Brecht wäre entzückt gewesen: Ein Krimi, der die Regeln befolgt und doch so ganz anders ist – völlig anders. Vermutlich hätte der berühmte Krimileser den hier zu besprechenden Band nicht gleich wieder eingetauscht, sondern zur Relektüre in seine Bibliothek gestellt. Dem kürzlich im Mangroven-Verlag erschienenen Buch »Operation Macron« von Éric Stemmelen wird es ganz sicher mehrfach so ergehen, denn man kommt nach der ersten Lektüre auf eine Betriebstemperatur, die eine zweite Lesung geradezu einfordert – zumal hier so viele Schurken auftreten, dass man leicht den Überblick verlieren kann.

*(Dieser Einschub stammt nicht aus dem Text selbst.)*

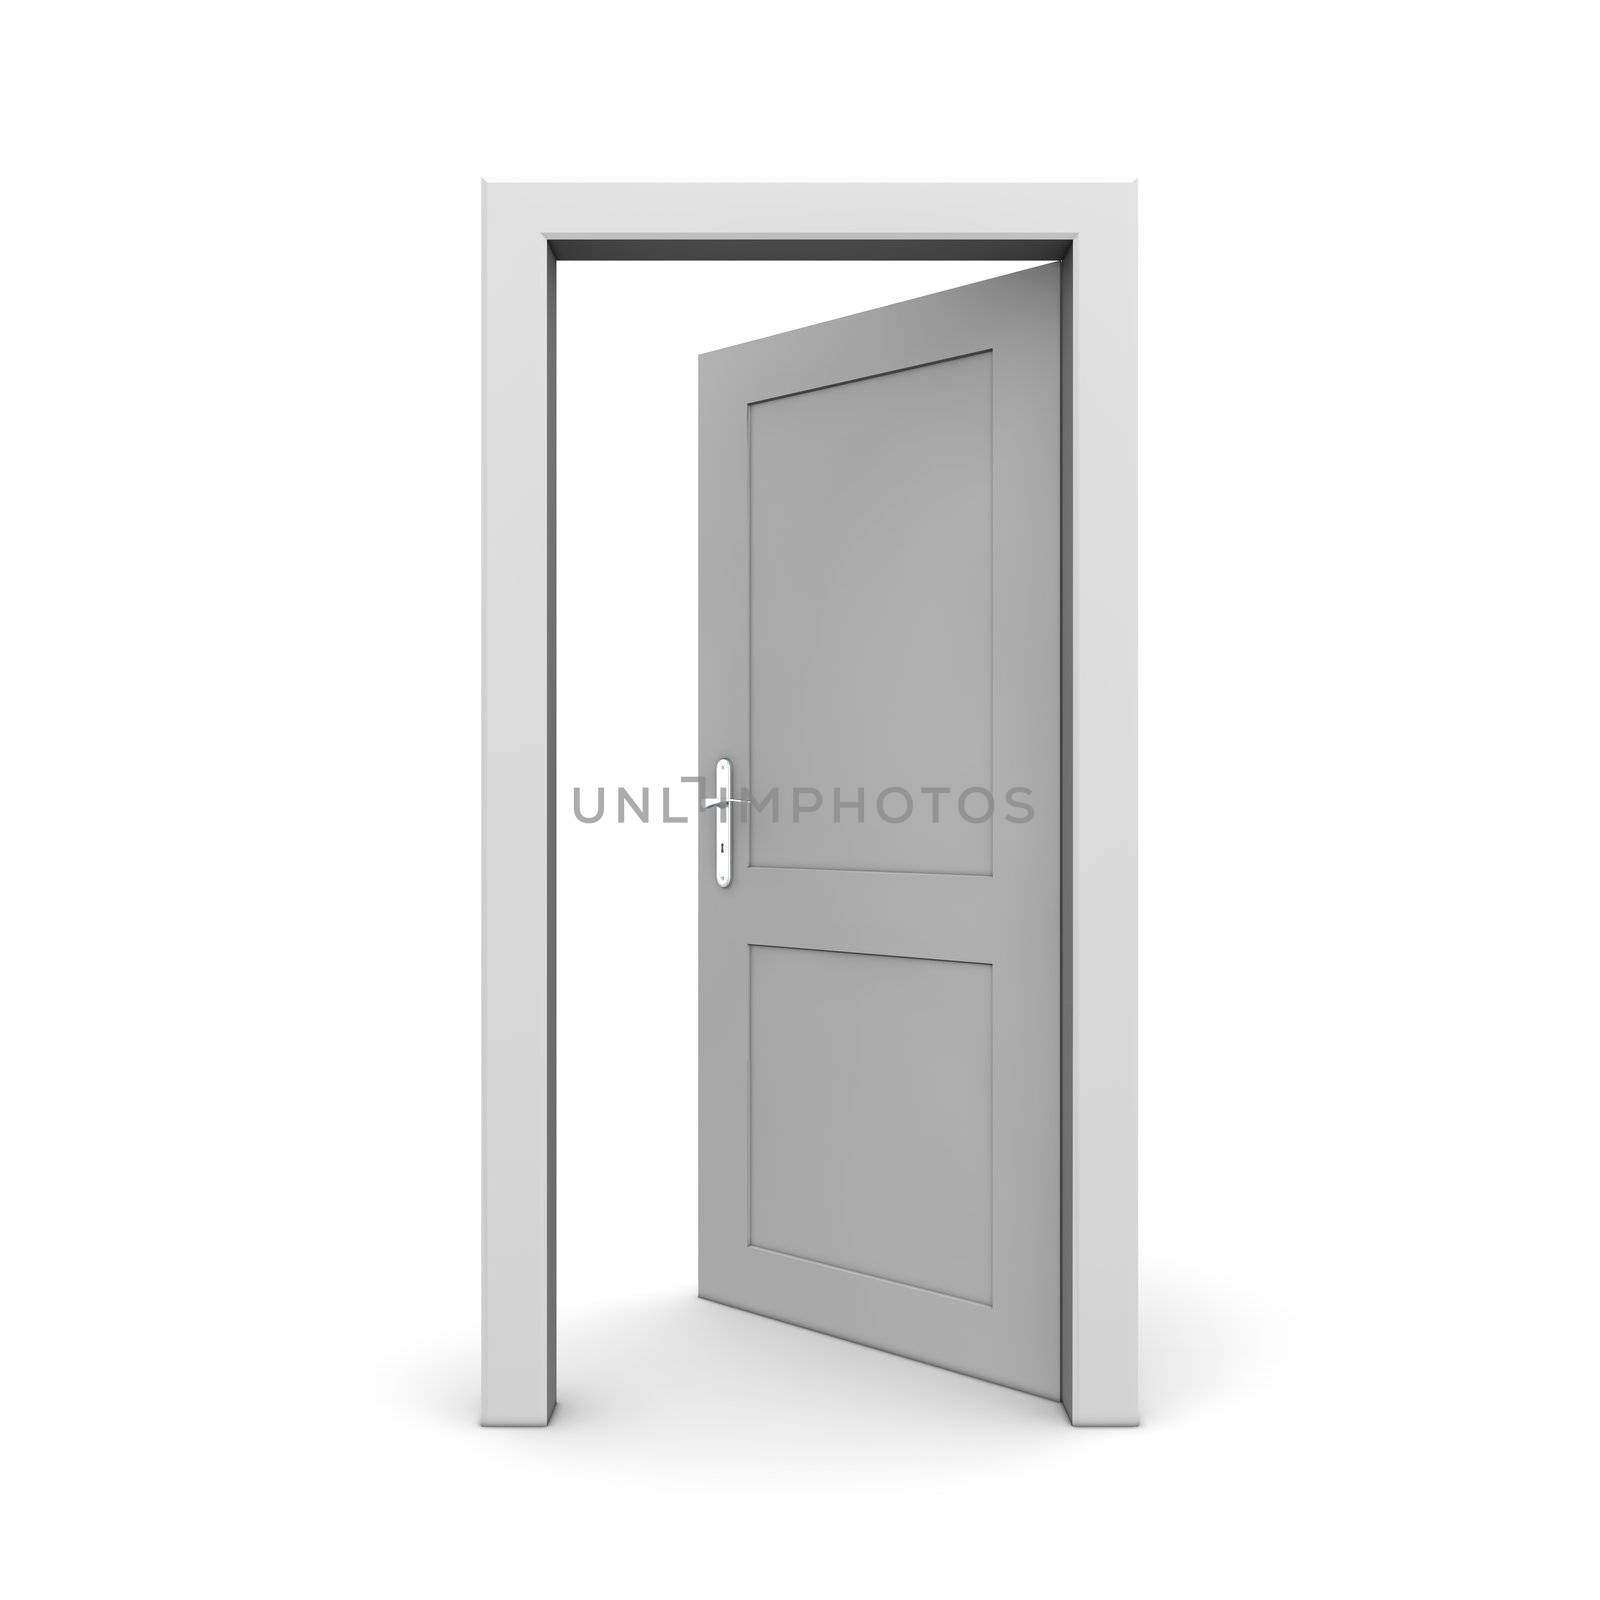 single grey door open - door frame only, no walls

Éric Stemmeln ist ein französischer Statistiker und Wirtschaftswissenschaftler. Er war unter anderem Studiendirektor beim Meinungsforschungsinstitut Sofres und bei France Television, der öffentlich-rechtlichen Fernsehanstalt Frankreichs, sowie Programmdirektor beim staatlichen Fernsehsender France 2. Ein Insider also, der gerade zum Whistleblower geworden ist. Aber »Whistleblower« ist nicht ganz korrekt. Denn Stemmelen verrät keine Geheimnisse, er schreibt ab und auf, was in den öffentlich zugänglichen Medien von jedermann und jederfrau gelesen, gehört und gesehen werden kann. Im Unterschied aber zu jedermann und jederfrau hat Stemmelen fast alles gehört, gesehen und gelesen – und das Wichtigste: systematisch analysiert. Ein Statistiker eben. Und so sieht sein Krimi denn auch aus. Erst im Text erfährt der Leser um die Brisanz der »Operation Macron«, denn Stemmelen schreibt immerhin die »Chronik eines stillen Staatsstreiches«: eine Chronik vom 22. Januar 2012 bis zum 23. April 2017 mit 251 Kalendereinträgen über Meldungen und Ereignisse und Meldungen über Ereignisse. Nichts stammt dabei von Stemmelen selbst. Der hat nur akribisch exzerpiert und gelegentlich ein wenig kommentiert – auch sarkastisch. Eine fabelhafte Operation!

Gegen die Fakten

Ganz sicher werden sich die Angegriffenen mit der Keule »Verschwörungstheorie« zu verteidigen versuchen. Aber gegen Stemmelen hat sie keinen Schwung, denn man müsste gegen die Fakten zeigen könne, dass die Präsidentschaft Emmanuel Macrons nicht einer Verschwörungspraxis zu verdanken ist. Aber was heißt schon »Verschwörungspraxis«? Die gehört zur Normalität. Politik verabredet sich immer hinter verschlossenen Türen und in bestimmten Kreisen. In diese Kreise führt uns Stemmelen ein. Ein Krimi mit hohen Politikbeamten, Präsidenten, Generaldirektoren und Vorstandsvorsitzenden von Banken und Versicherungen sowie von 47 Printmedien plus Fernseh- und Radiosendern. Soweit möglich, listet Stemmelen geradezu penetrant auch die entsprechenden Kontostände dazu auf – aber nur, wenn es um Milliardenbeträge geht. Peanuts zählen nicht. Millionen nur dann, wenn sie monatlich das Konto füllen. Stemmelen hat eine schöne Lesehilfe eingeführt: Wenn eine Zeitung zitiert wird, dann wird immer auch ihr Eigentümer benannt – womöglich auch dessen Kontostand. Hübsche Idee: »Le Figaro (Dassault) – 24 Milliarden Euro«. Das macht Pressefreiheit transparent.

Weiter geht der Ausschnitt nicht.